The Language of Explosion
“The Language of Explosion: Documenting Nuclear Craters in the American West”, by Mary Walling Blackburn, was published in Women & Performance: A Journal of Feminist Theory in the issue on “falling” in the autumn of 2004.
The visual phenomenology of the crater has hardly been critically exhausted. For example, the article does not touch upon the photographs of bomb craters, created and photographed during the Vietnam War. On photos posted on veteran’s web sites, the craters take on multiple architectual dimensions- swimming pool, fish farm, emergency room. Where whence exploded bodies lay, soldiers swim. In other flooded craters, Vietnamese farmers raise fish. In the bottom of a dry bomb crater, US soldiers place their wounded men until the helicopter can evacuate. And so on.
To inhabit the crater, swimmer or the farmer, appears to have no truck with death. The swimmer or farmer defies culturally held notions that horror is locationally situated and that to dwell in its remains contaminates. But when they set up shop in craters, is it a cool refution of the past or is it a trembling dare? Does the crater dweller refuse to see a boundary between death and himself? And what of the viewer’s boundaries? How do we reconcile the fact that we notice the swimmer’s body in something that isn’t entirely outside of desire or the desire to laugh?

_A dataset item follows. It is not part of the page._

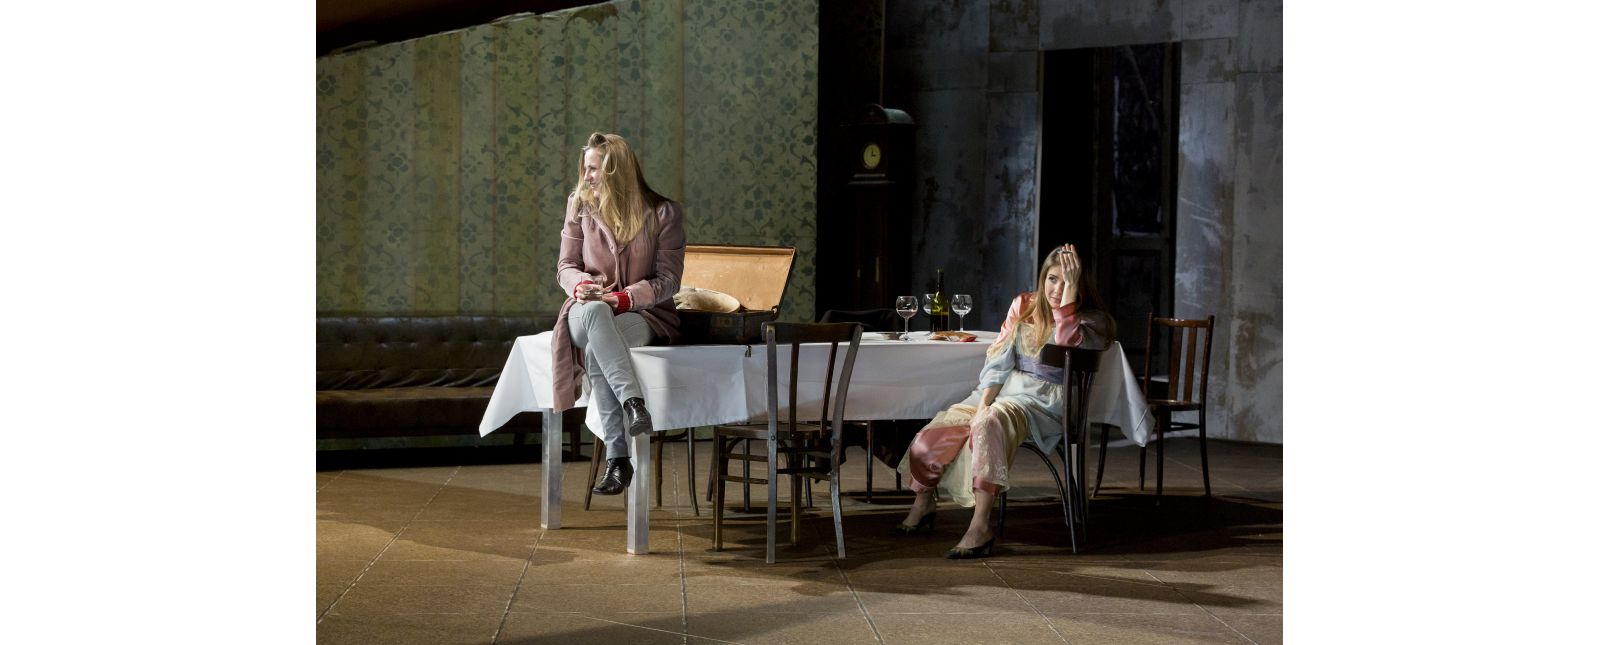 Drei Winter // Marieke Kregel, Angela Falkenhan // Rainer Muranyi // 2018

In the photo below, taken outside of Tay Ninh, the emerging soldier’s legs have been stripped of color; the photographer muses that perhaps the chemicals in the water had contaminated them all. And if we follow through on this line of thinking and realize that environmental cancers are sometimes created by this kind of contamination, we realize that a death by explosion can travel very slowly from a long ways of off. In an interview, Dee Dee Ramone (of the Ramones) describes an uncle who faught for the Nazis in Russia for six years. When he returns home to Germany, he goes swimming in a bomb crater and drowns. Making sense of this enemy soldier’s death is not unlike gaging the distance of the storm by its thunder; we can count the miles between explosive sound and its contact with the body.